该函数实现较为简单，如果kmemleak_error不为0，即kmemleak发生错误的情况下，kmemleak将停止记录early log早期跟踪信息，但仍会将crt_early_log日志信息计数递增；如果kmemleak正常的情况下，crt_early_log计数超过了early_log[]承载的信息数量的时候，将会调用kmemleak_disable()关闭kmemleak记录功能，然后返回；最后如果在能够承载信息的情况下，将当前的内存操作记录下来，记录的信息包括操作类型、内存地址、空间大小、调用栈等信息。

log_early()被调用的地方与其记录的内存操作类型相匹配。分别为：kmemleak_alloc()、kmemleak_alloc_percpu()、kmemleak_free()、kmemleak_free_part()、kmemleak_free_percpu()、kmemleak_not_leak()、kmemleak_ignore()、kmemleak_scan_area()、kmemleak_no_scan()。

对应于类型定义：

【file:/mm/kmemcheck.c】
/*
 * Early object allocation/freeing logging. Kmemleak is initialized after the
 * kernel allocator. However, both the kernel allocator and kmemleak may
 * allocate memory blocks which need to be tracked. Kmemleak defines an
 * arbitrary buffer to hold the allocation/freeing information before it is
 * fully initialized.
 */

/* kmemleak operation type for early logging */
enum {
    KMEMLEAK_ALLOC,
    KMEMLEAK_ALLOC_PERCPU,
    KMEMLEAK_FREE,
    KMEMLEAK_FREE_PART,
    KMEMLEAK_FREE_PERCPU,
    KMEMLEAK_NOT_LEAK,
    KMEMLEAK_IGNORE,
    KMEMLEAK_SCAN_AREA,
    KMEMLEAK_NO_SCAN
};

这里面其实看着定义也能估计个八九不离十了，它是将各操作进行记录跟踪，再在kmemleak初始化中进行匹配操作。例如某内存在KMEMLEAK_ALLOC的操作之后，如果出现KMEMLEAK_FREE对该内存的操作记录，则表明该内存已经被释放了，由此将该内存从操作记录中剔除，以达到对内存分配的管理，同时可以监控到内存泄漏的情况。
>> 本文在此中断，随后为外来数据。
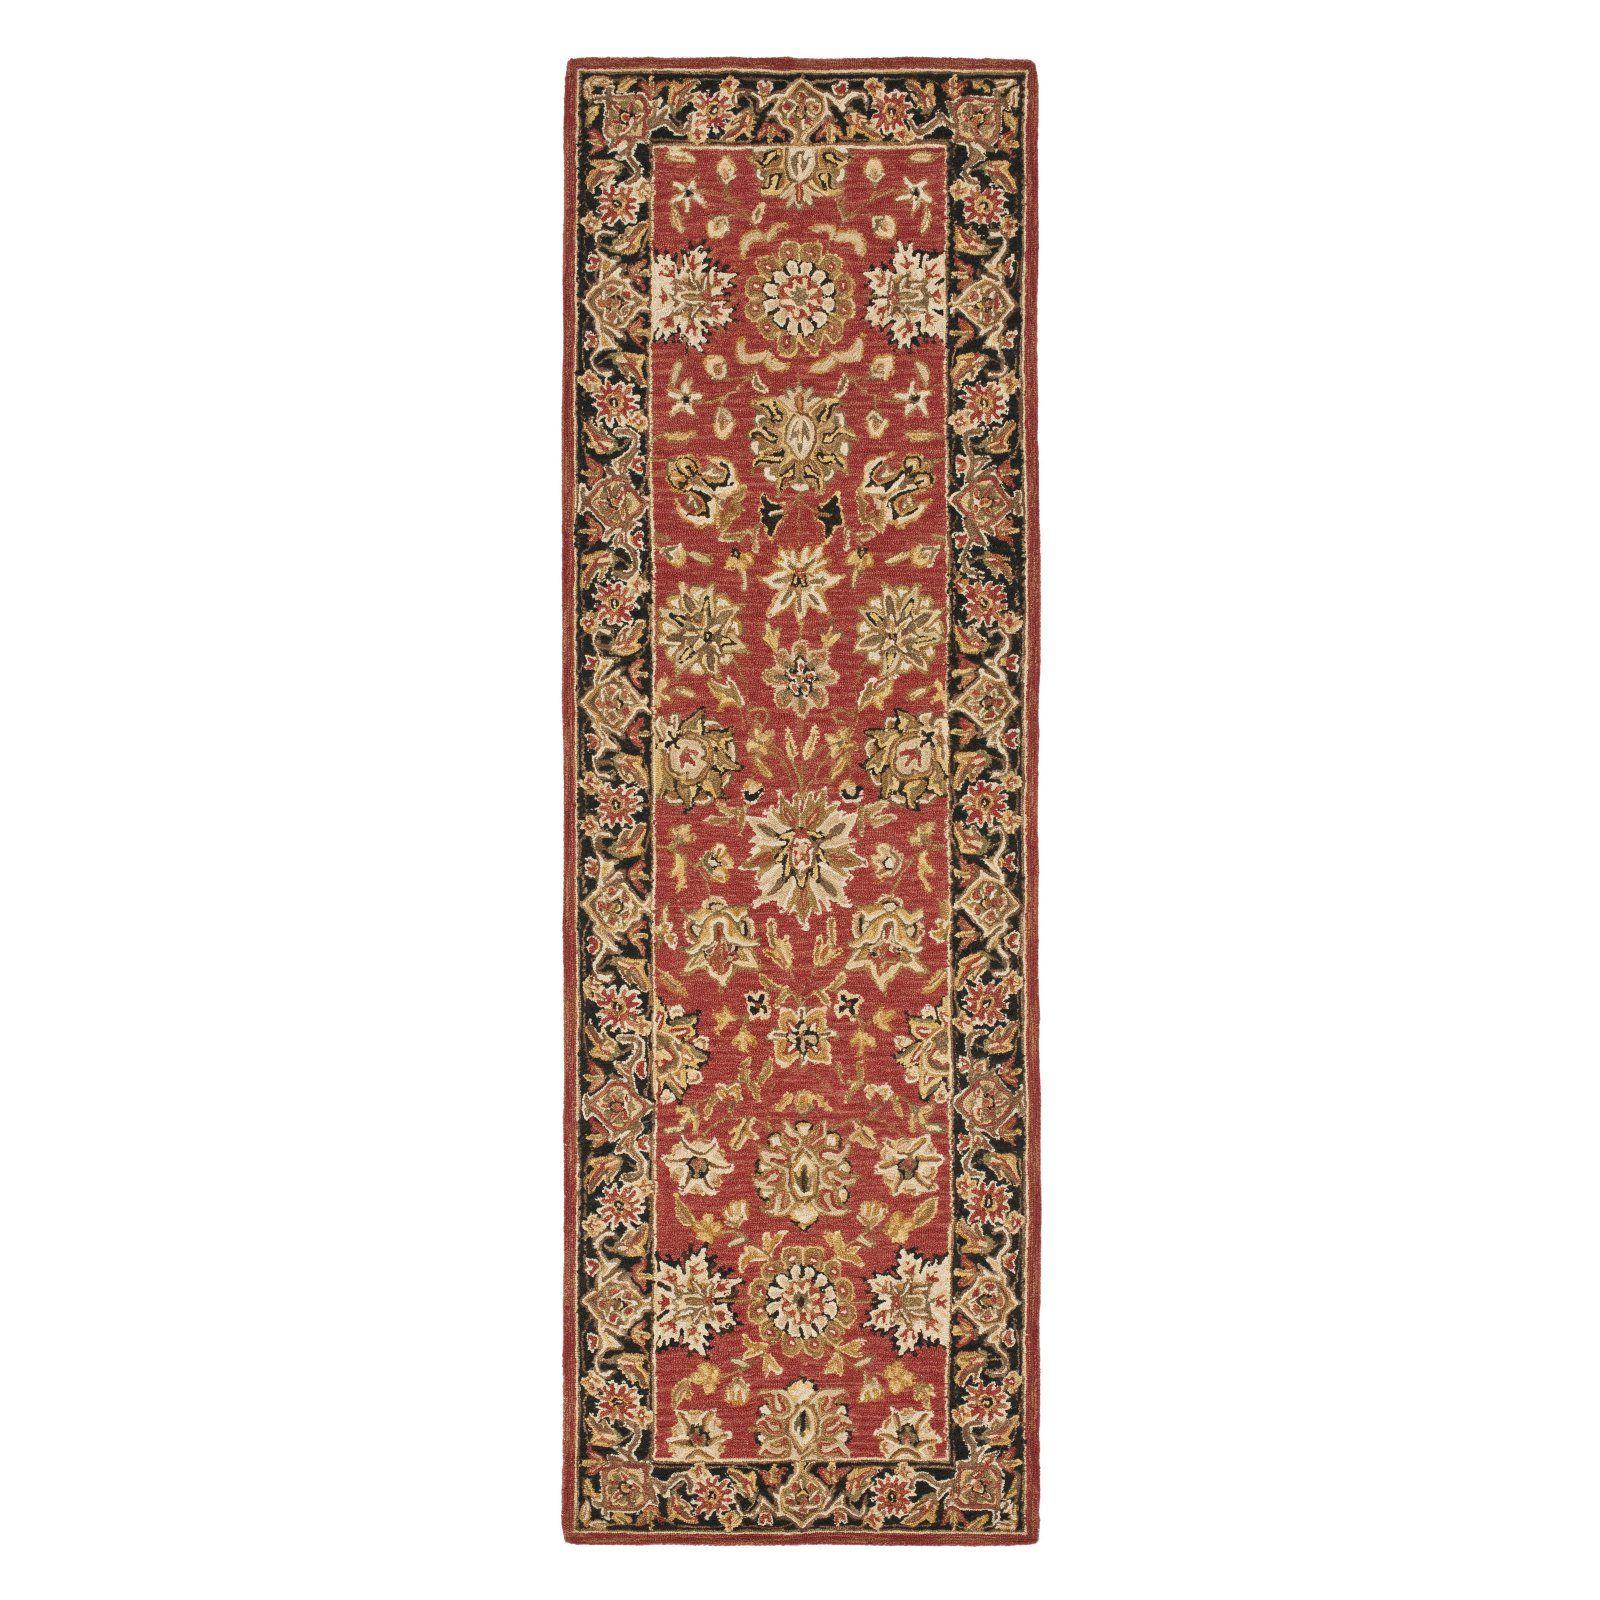 Safavieh Chelsea HK505C Area Rug Rose/Black Red carpet

当然这都是猜想，具体的实际情况及实现，就以初始函数中的kmemleak_init()中的KMEMLEAK_ALLOC和KMEMLEAK_FREE对应的分支代码调用函数early_alloc()和kmemleak_free()进行求证。

先是early_alloc()函数：

【file:/mm/kmemcheck.c】
/*
 * Log an early allocated block and populate the stack trace.
 */
static void early_alloc(struct early_log *log)
{
    struct kmemleak_object *object;
    unsigned long flags;
    int i;

    if (!atomic_read(&kmemleak_enabled) || !log->ptr || IS_ERR(log->ptr))
        return;

    /*
     * RCU locking needed to ensure object is not freed via put_object().
     */
    rcu_read_lock();
    object = create_object((unsigned long)log->ptr, log->size,
                   log->min_count, GFP_ATOMIC);
    if (!object)
        goto out;
    spin_lock_irqsave(&object->lock, flags);
    for (i = 0; i < log->trace_len; i++)
        object->trace[i] = log->trace[i];
    object->trace_len = log->trace_len;
    spin_unlock_irqrestore(&object->lock, flags);
out:
    rcu_read_unlock();
}

该函数首先将判断kmemleak是否使能以及入参合法性，接着根据需要记录的信息（内存指针、大小等信息）调用create_object()函数创建kmemleak跟踪对象，然后再是将kmemleak的early log早期跟踪信息转储到object对象中，以完成内存跟踪管理。看似简单，其实这里的主要且关键的动作在create_object()函数中。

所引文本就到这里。